- [WORK REQUIRED]: Skip the pictures. Quote every line below, exactly, from the one with "Alternate Image 1" through the final line.

- [DATASET EXCERPT]:
*** Block opens ***

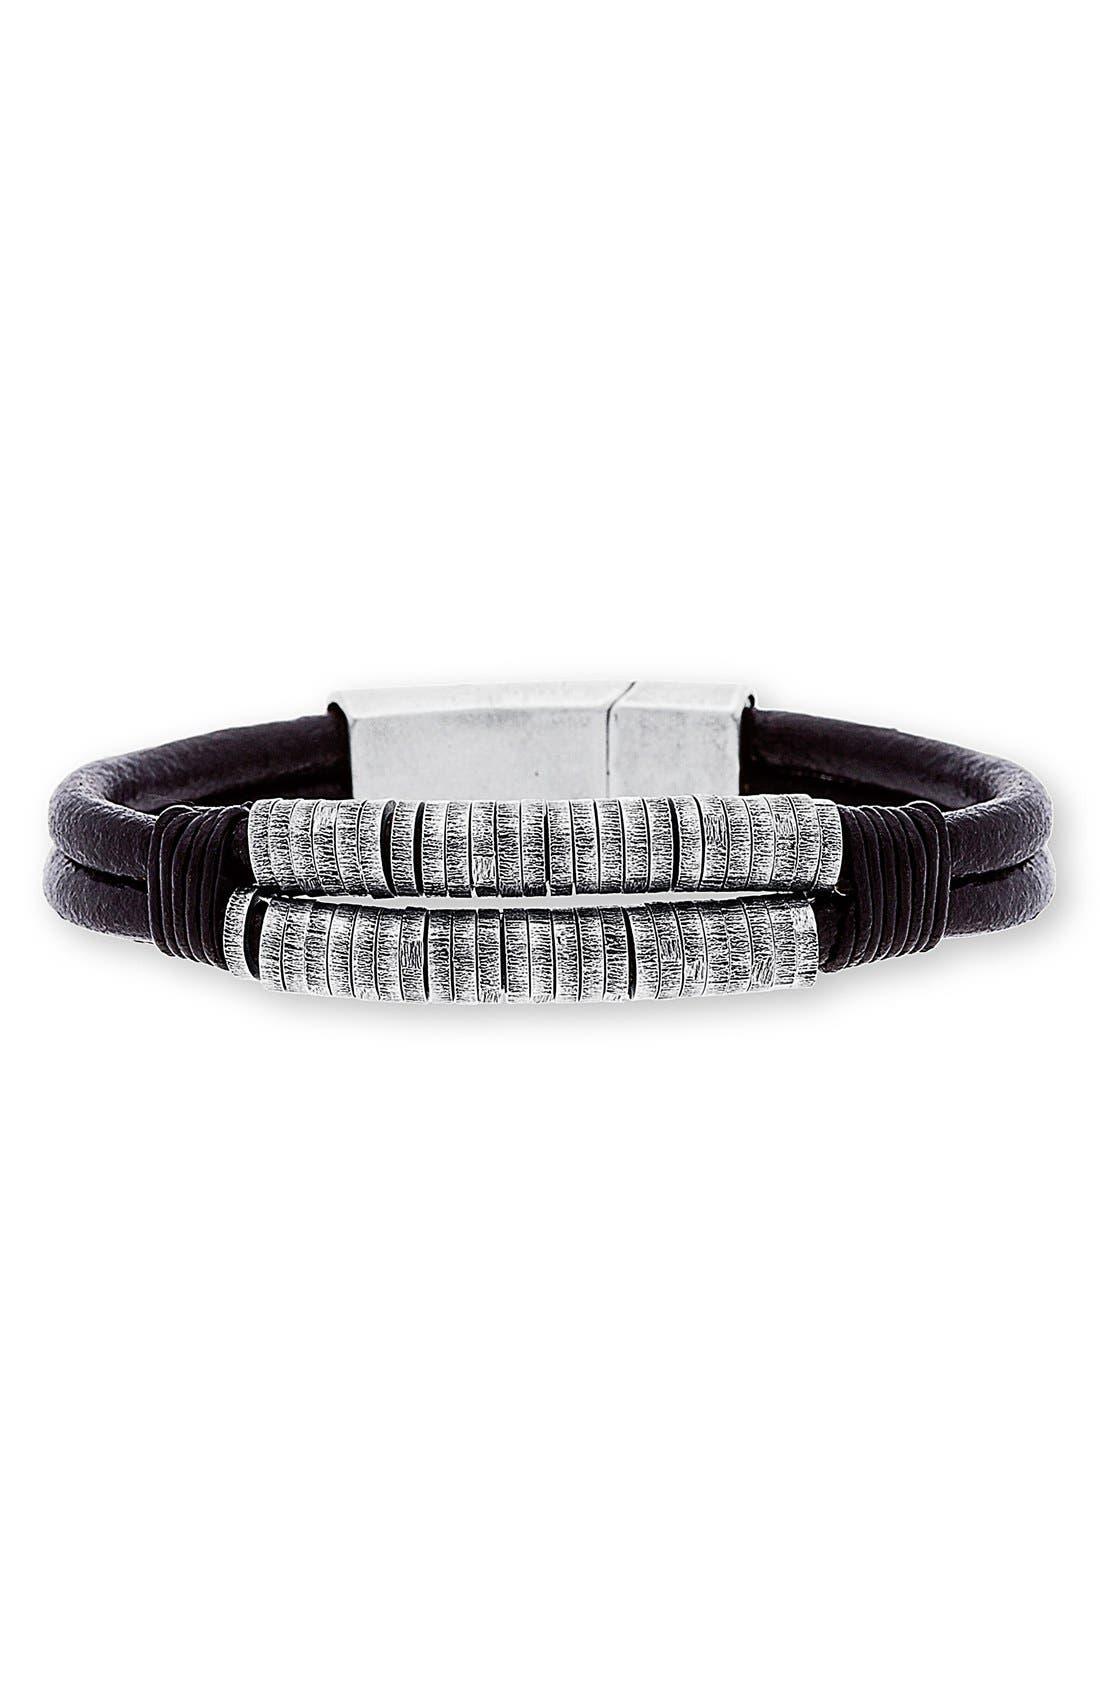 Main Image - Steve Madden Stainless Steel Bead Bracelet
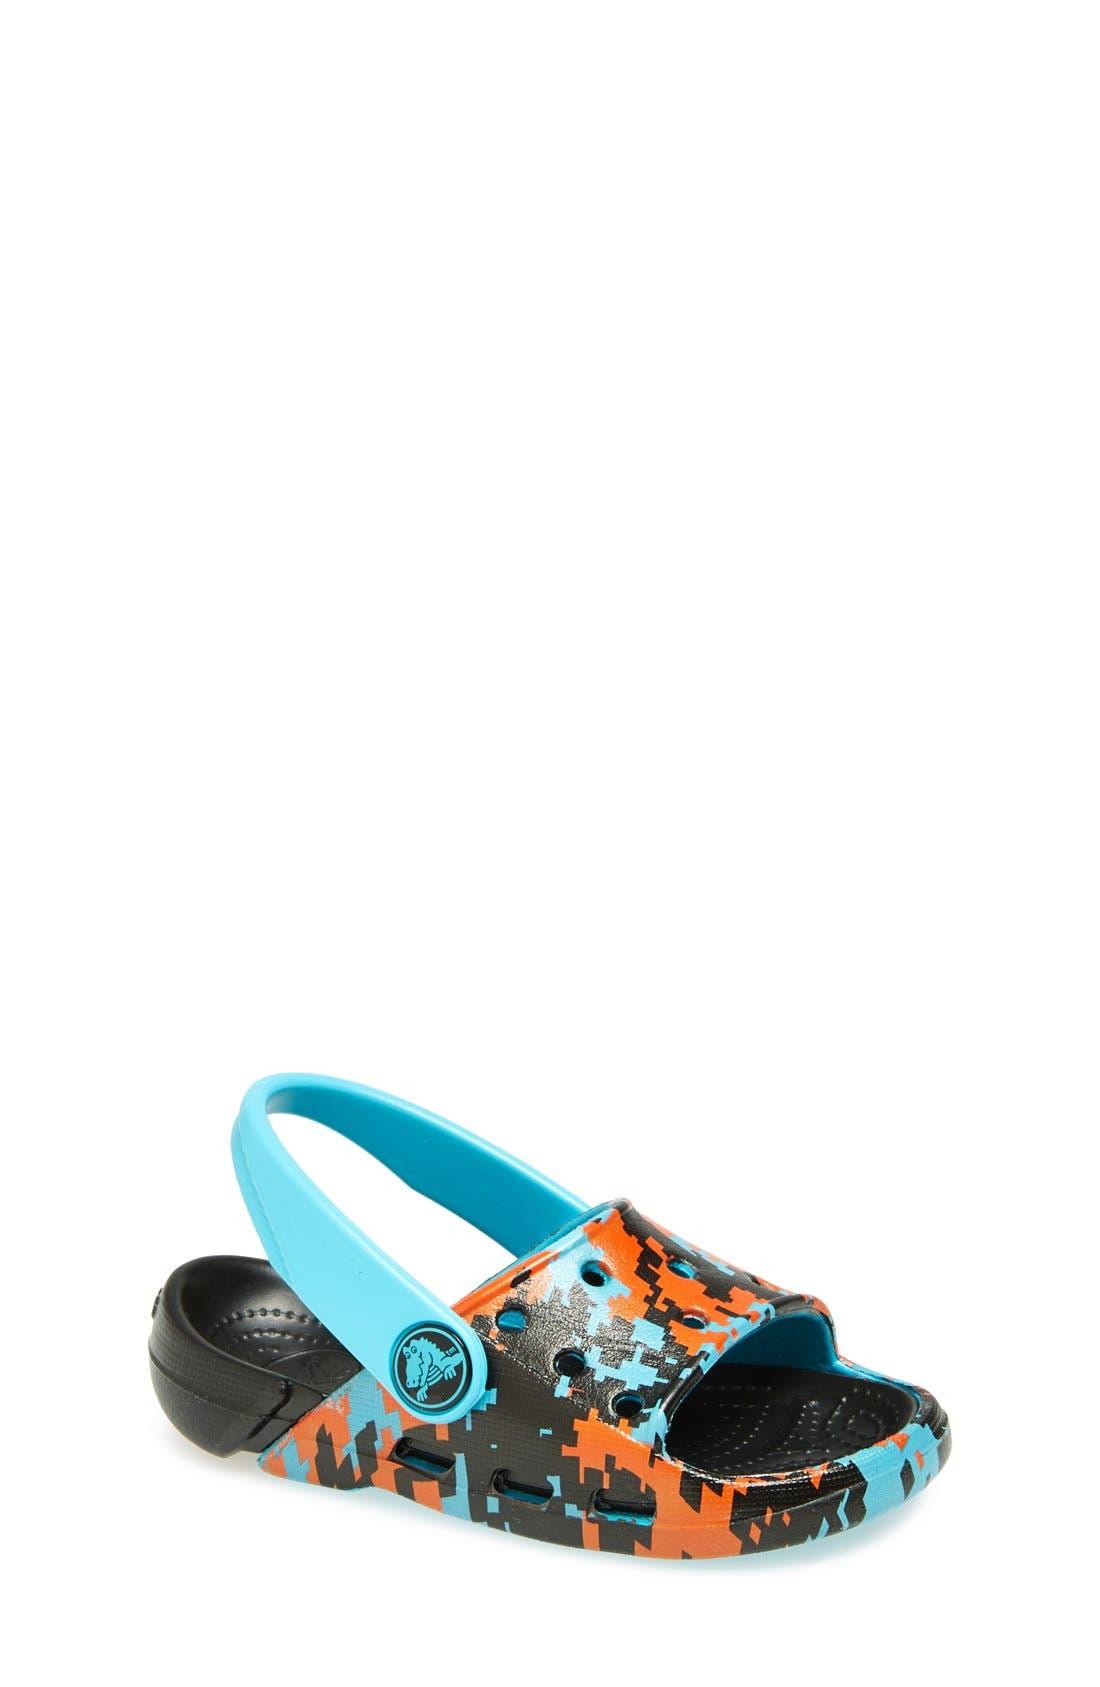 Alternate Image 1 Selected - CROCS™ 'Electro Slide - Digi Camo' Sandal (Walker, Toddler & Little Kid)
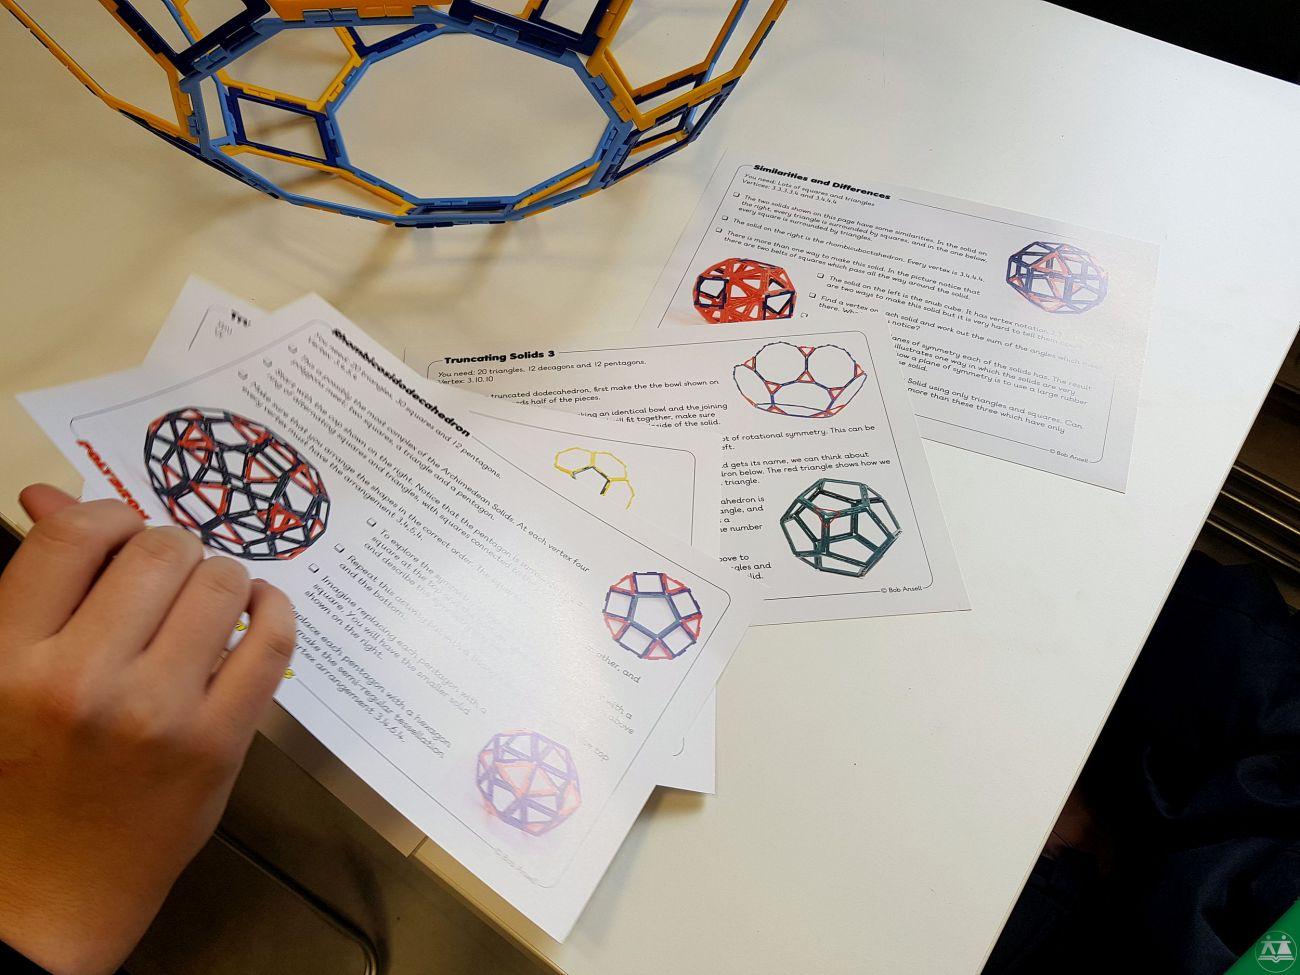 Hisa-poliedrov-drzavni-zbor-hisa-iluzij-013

*** Block closes ***

- [EXPECTED OUTPUT]:
 Alternate Image 1 Selected - CROCS™ 'Electro Slide - Digi Camo' Sandal (Walker, Toddler & Little Kid)
 Hisa-poliedrov-drzavni-zbor-hisa-iluzij-013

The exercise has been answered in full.